BAC sequencing revealed two genes, FLOT and DAXX, that are MHC-linked in non-avian vertebrates [10, 11], but have not been described in chicken. The relatively close linkage to MHC Class I and II genes of FLOT, TUBB and DAXX in the zebra finch is actually more similar to the organisation in some teleost MHCs [for example, ] than it is to either Xenopus or the human MHC, where DAXX is physically distant from the FLOT and TUBB genes. Chicken chromosome 16, like the zebra finch, is not well assembled at this point so it is possible that these genes will be found as the chicken assembly continues to improve.
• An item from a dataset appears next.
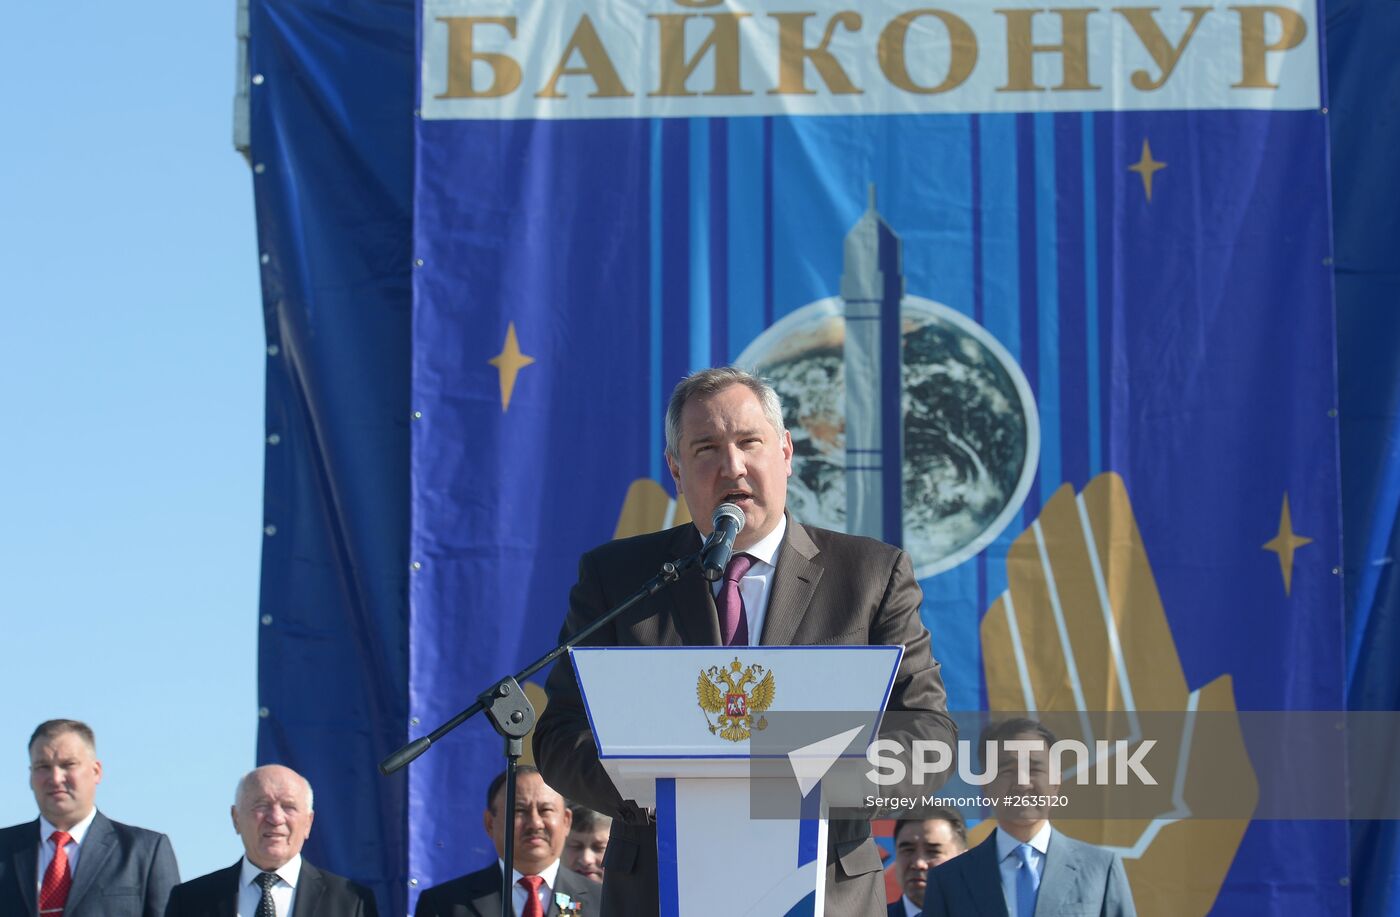 Celebrating 60th anniversary of Baikonur Space Center

Phylogenetic analyses highlight the clustering of Class IIB loci by species rather than by orthology relationships, suggesting a history of concerted evolution, at least on portions of the genes [38, 60, 61]. We did, however, identify a unique Class IIB lineage that falls at the base of all other passerine Class II sequences. This appears to be a novel locus that has not previously been sequenced in birds and it is unknown whether it is expressed and/or polymorphic. Further analysis will be needed to clarify the role of this locus but its discovery underscores the utility of genomic approaches (rather than PCR amplification using degenerate primers) for characterizing MHC genes in birds. Tests of selection using zebra finch and other passerine MHC sequences support a strong role of selection in shaping patterns of polymorphism in the peptide binding region of Class I and Class II genes in passerines. The specific sites under positive selection are similar to those previously identified for other bird groups [53, 54] and they closely match the peptide binding regions in humans [51, 52]. High variability among individuals in RFLP banding patterns support the prediction that MHC Class IIB genes are influenced by balancing selection.
Among birds, there is tremendous variation among lineages in the number of MHC genes. In quail , red-winged blackbird [42, 48] and the zebra finch, there are multiple Class II genes. Most non-passerine species, in contrast, appear to have only between one and three loci [60, 62, 63]. Given the derived phylogenetic position of passerines , these patterns imply that in terms of Class II genes, a minimal MHC may be ancestral for birds [60, 62]. Because of the extensive variation among avian lineages in the number of Class I genes [for example, [34, 44, 65]], it remains unclear what the ancestral condition for Class I genes might be.